Ed Stourton is leaving the Today programme next year after a decade presenting the Radio 4 flagship morning news programme to ‘concentrate on other BBC projects’.
The BBC announced this afternoon that his replacement will be Justin Webb, the BBC’s north America editor, who will return to London to take up the new job from next October.
Webb is a former BBC Breakfast News and Six O’Clock News presenter, who spent three years as the BBC’s Europe correspondent before moving to the US, where he led the broadcaster’s coverage of the US election, reporting for radio, television and online.

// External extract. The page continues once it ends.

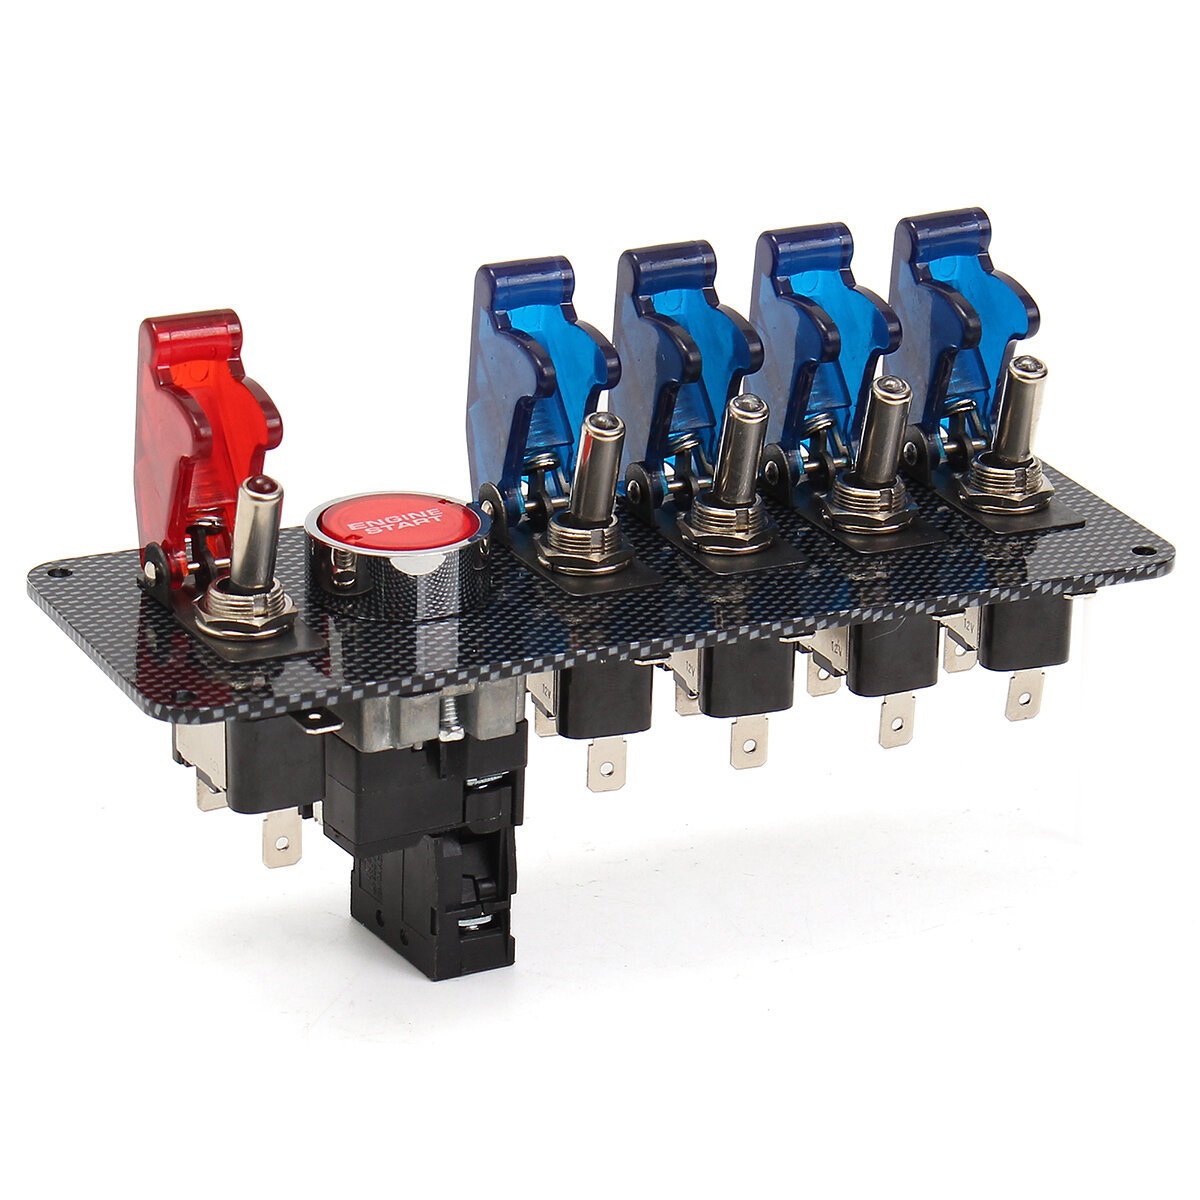 12V Racing Car Ignition Switch Panel with 4 Blue+1 Red LED Toggle Switch Button

‘[Today] has been a part of my BBC life for many years and more importantly it’s a part of British life,” Webb said in a statement.
‘It’s an honour to have the chance to join the team.There isn’t a more challenging job, or a more satisfying job, in British broadcasting.”
Ed Stourton was a founder member of Channel 4 News in 1982, rising from scriptwriter to producer, duty home news editor, chief sub-editor and Washington correspondent.
He joined the BBC in 1988 as Paris correspondent before returning to ITN two years later as diplomatic editor.
His second spell at the BBC began in 1993, where he presented the One O’Clock News for six years and moved to Today in January 1999.
The Radio 4 morning news programme is fronted by two presenters each day, drawn from a rota of five. The other four presenters are John Humphrys, Sarah Montague, James Naughtie and Evan Davis, the former BBC economics editor.
According to the latest set of Rajar audience figures, covering the three months from mid-June to mid-September, the Today programme had an average weekly audience of 6.1m – up from 5.9m in the same period last year.